The KattenKabinet ("Cat Cabinet") is an art museum in Amsterdam devoted to works depicting cats. The museum collection includes paintings, drawings, sculptures and other works of art by Pablo Picasso, Rembrandt, Henri de Toulouse-Lautrec, Corneille, Sal Meijer, Théophile Steinlen, Ed van der Elsken and Jože Ciuha, among others.

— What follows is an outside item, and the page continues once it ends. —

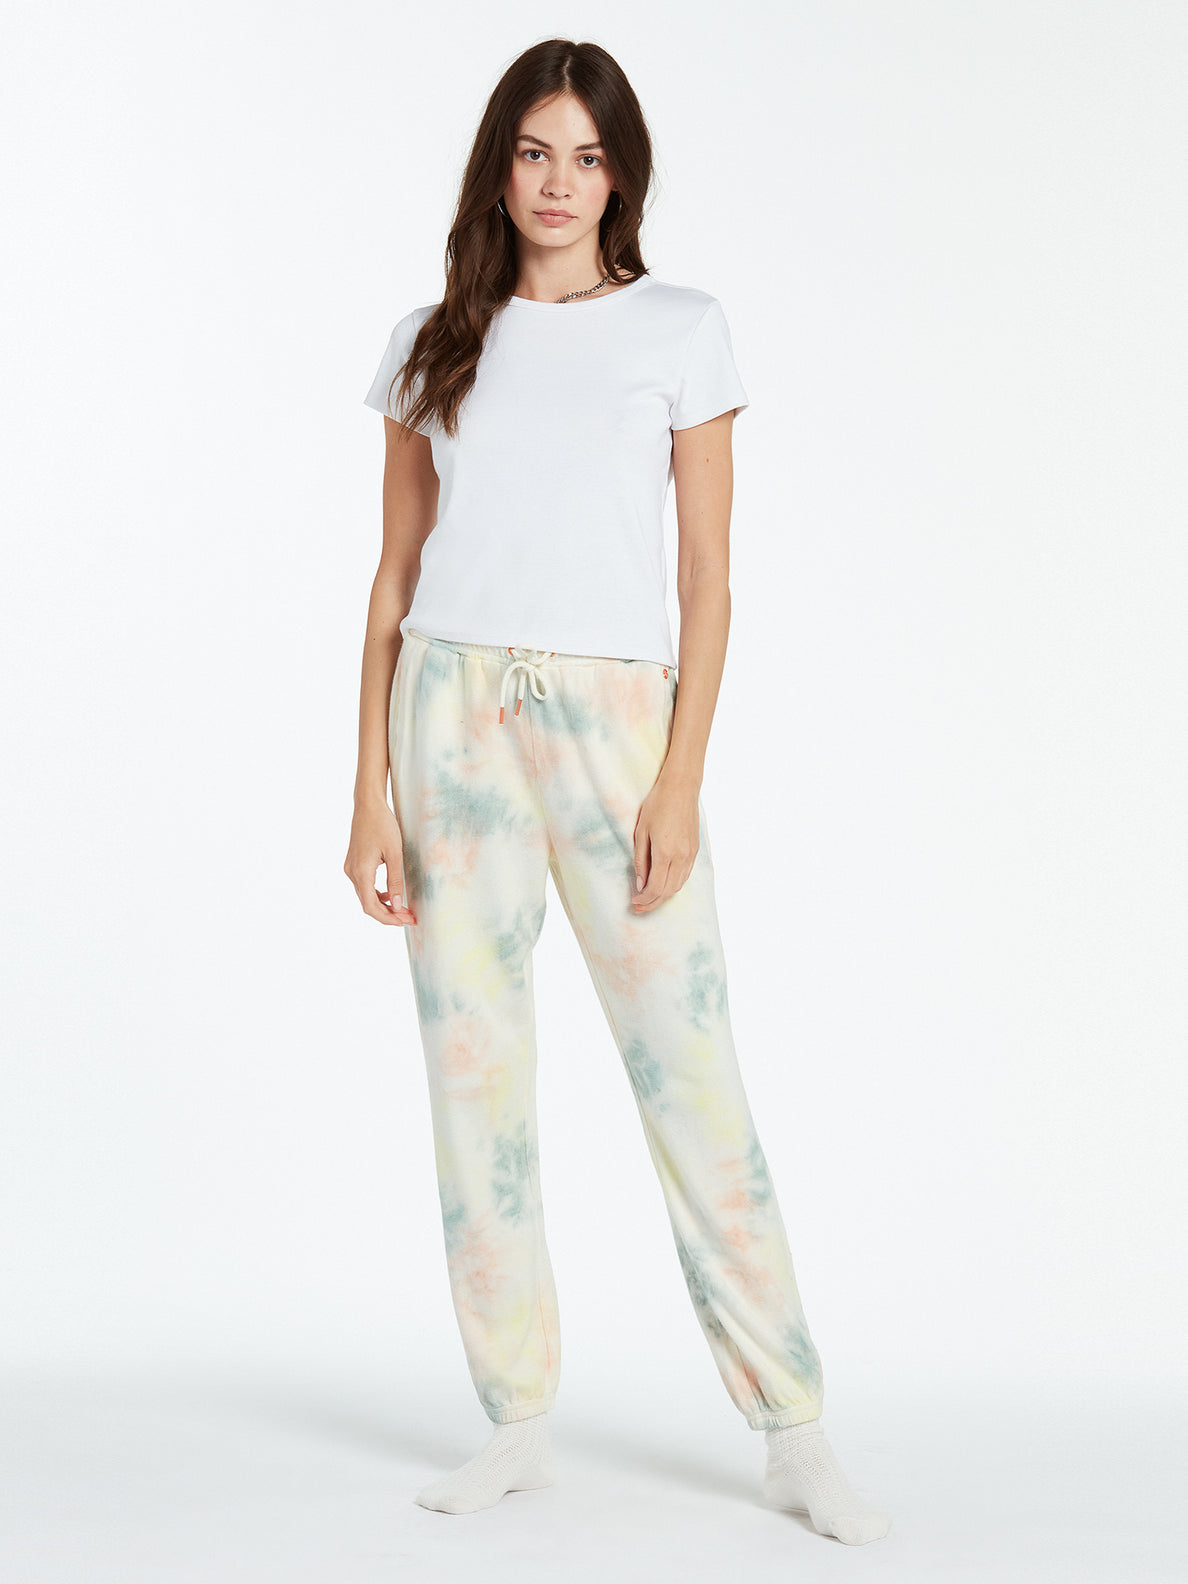 Lived In Lounge Fleece Pant - Multi (B1212104_MLT) [F]

The museum is housed in a canalside building at Herengracht 497, in the grand Gouden Bocht ("Golden Bend") of this canal. The owner lives on the second floor of the building with his family. There are some cats in the museum as well.

== History ==
The house and the adjacent building at Herengracht 499 were built in 1667 for the patrician brothers Willem and Adriaen van Loon. Through the luck of the draw, Willem was given the house at number 497. Later, the house was inhabited by Amsterdam mayor Jan Calkoen and Amsterdam pensionary Engelbert François van Berckel, among others. John Adams visited Van Berckel at the house during his time as U.S. ambassador to the Dutch republic.

In 1985, the building was restored, and in 1990 the museum was founded by Bob Meijer in memory of his red tomcat John Pierpont Morgan (named after the American banker J. P. Morgan).

The museum served as filming location for Ocean's Twelve in 2004.